Oh, I am old enough, if not yet wise enough,
to glimpse that when I fight you, I give you more strength;
but if I giggle and guffaw at how you try to define me,
and if I but hold my pride and need for you to approve,
as lightly in my hands as Mother Teresa held the lepers,
then I defeat your ability to tell me who I am.
I don’t need to heal myself of my gender or my sex or my color or my race.
I only need to heal myself of the world’s definitions, not of who I am,
but healed of the false definitions of who the world says, I can not become.
All I need is healing to become my true self,
and that doesn’t come from out there,
but from inside of me.
*
Who I choose to love is not the truth of me.
The truth of me is that I choose.
The truth of me is that I choose to love;
choosing to love me and love you.
*
Why do we fly so many different flags?
The flag we really need right now is love.
Why do we carry so many weapons of heart ache and words?
The only weapon we should be carrying is the weapon of unfettered hope.
Why do we put our faith in the gods of definitions?

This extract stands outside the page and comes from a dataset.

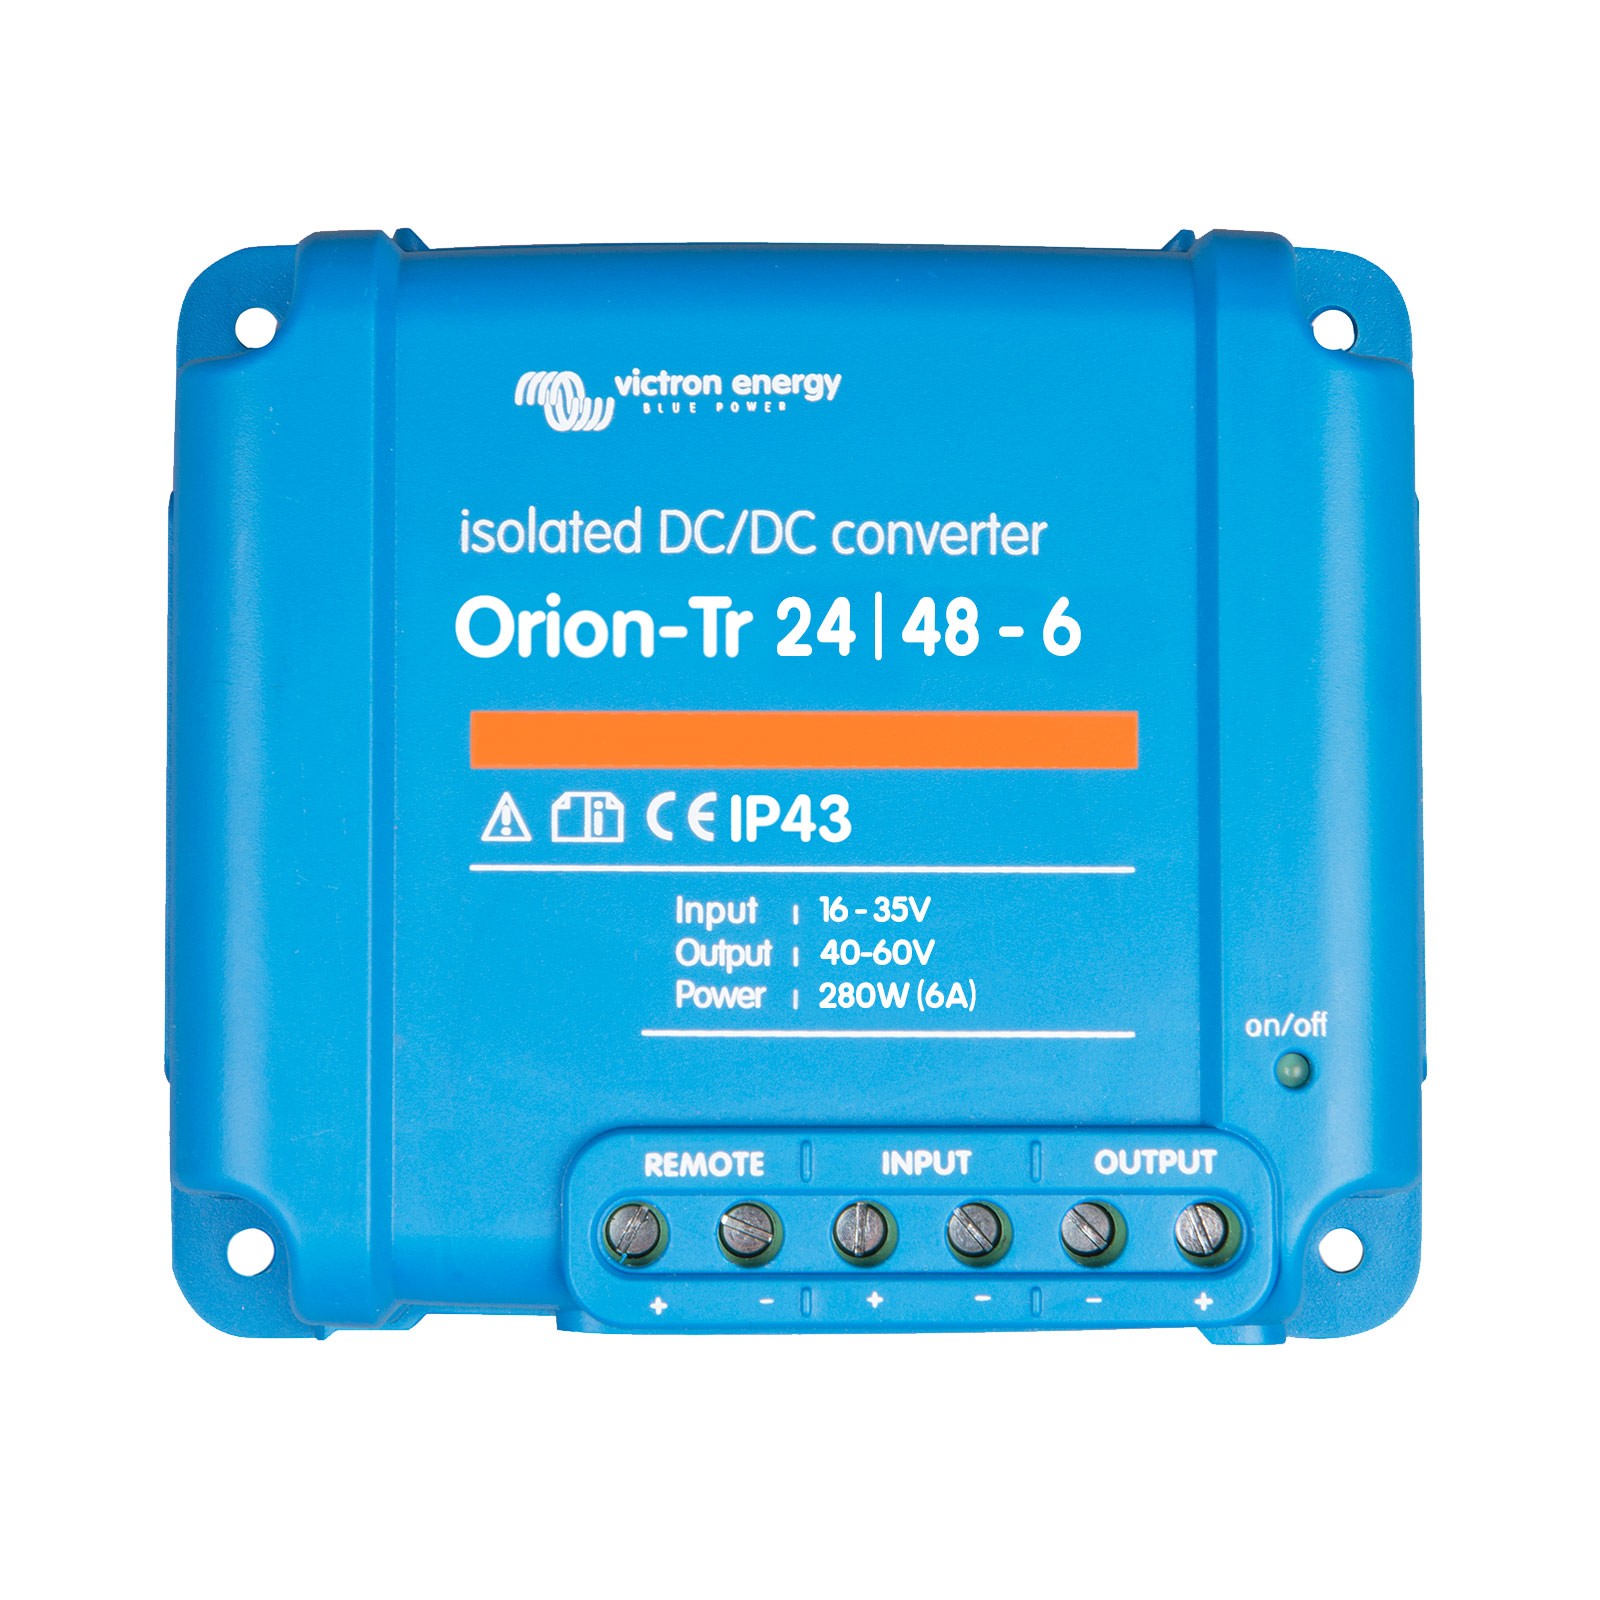 Isolierter Konverter Orion-Tr 24/48-6 A Victron Energy
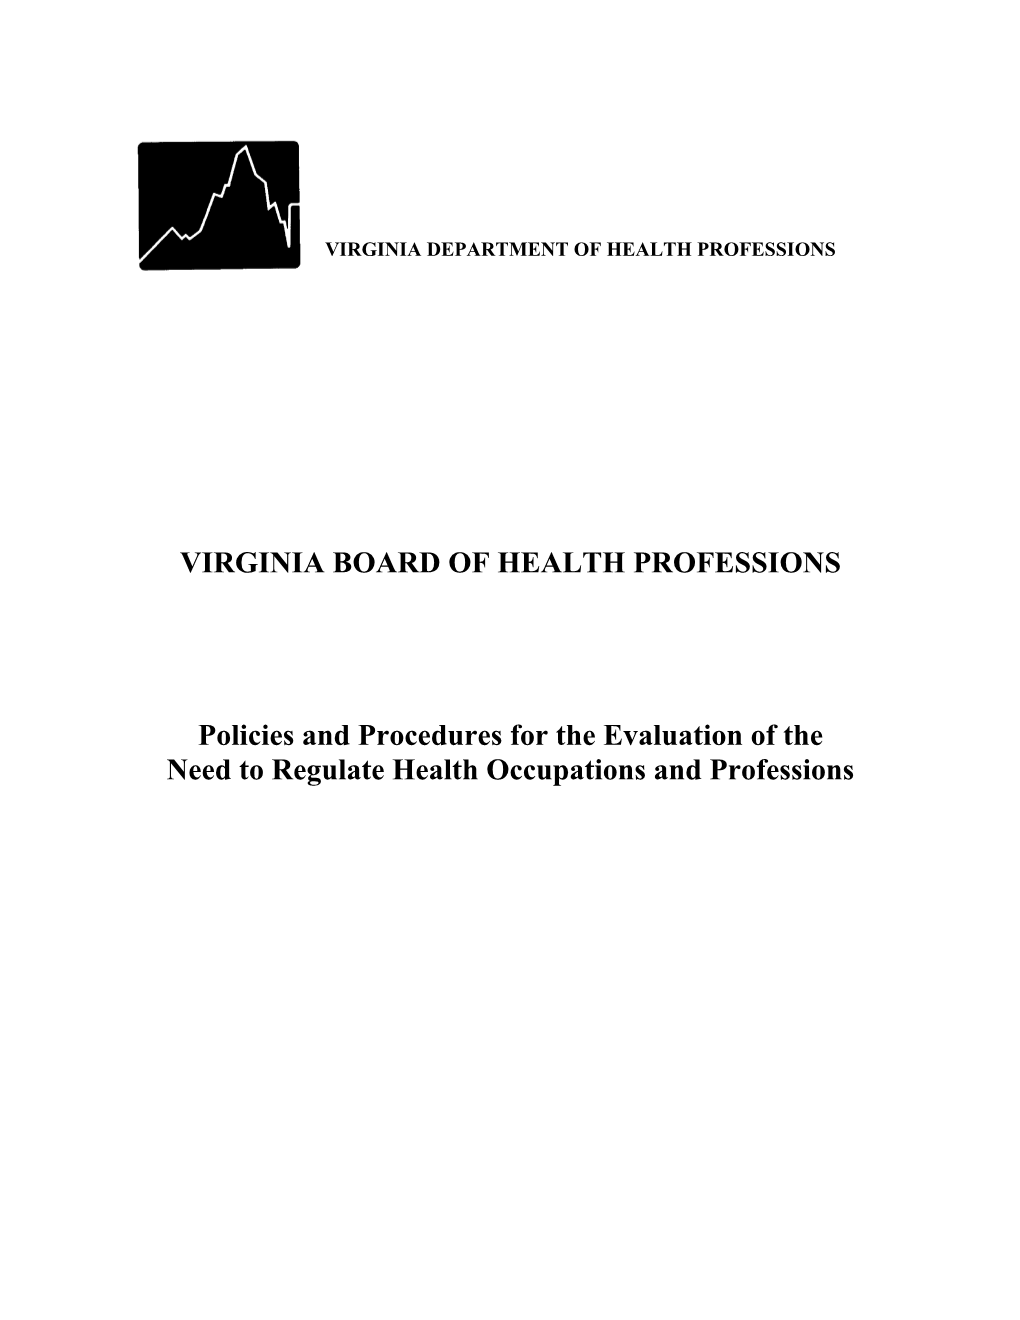 Policy & Procedure for Evaluation of Need to Regulate Health Occs & Professions

The only God we need is the One beyond all defining.
*
No, what the world has told us is not the truth.
Are we all too afraid to unmask the lies?
Or are we too used to living behind our masks
to recognize the lies we live within ourselves?
*
Surely nothing is true when it becomes the mile-marker of who I am.
World, I take your erasable markers writ on me
and I use my magic eraser of self-worth,
to clear the chalk-board of your scribbles on my soul
and then write in large letters of indelible ink:
“I Am Worthy.”
I am much greater than my color or my creed,
my gender or my sex,
my body or my intelligence.
I am not checked-off boxes on the world’s identification censuses.
I am proud to be myself,
but I don’t need your pride in me to give me my grade.
And I don’t even need my own pride in myself
because I am worth more than ego-fulfillment by anyone’s standards,
even the standards I have sucked in
from the world’s alluring but empty teats.
I won’t accept your judgement or mine.
I don’t need anyone’s a-okay.
I am great, not because of anything I do or don’t do.
I am wonderful;
because who I am
is enough.
*
No, whom I choose to love is not for anyone to judge,
except of course, for me and them.
Because they that I love will be the only ones
who hold the scales of judging any thing.
What we are all just trying to do,
no matter who we say we are, is this —
We are all just trying to love and be loved.
*
No, who I choose to love is not about my gender or my color or my sex
or my race or my religion
or my nation or my education or my station.
But That I do love
any one,
Wholly,
Completely,
Sacrificially,
Truthfully and truly,
with all my heart, soul, and mind —
That is all that has ever defined any of us,
ever.
And if the body, which is only a symbol and nothing more,
follows the heart in that love,
then that can not be me
if it is just my gender or my sexual self alone.
My body, my symbol,
And all symbols, whether of peace signs,
Or crosses, or raised fists, or rainbows,
All symbols merely point the way
to true and whole being.
*
No one defines me, but me.
And if God defines me too,
Then She defines me obviously not by gender, since THEY have none.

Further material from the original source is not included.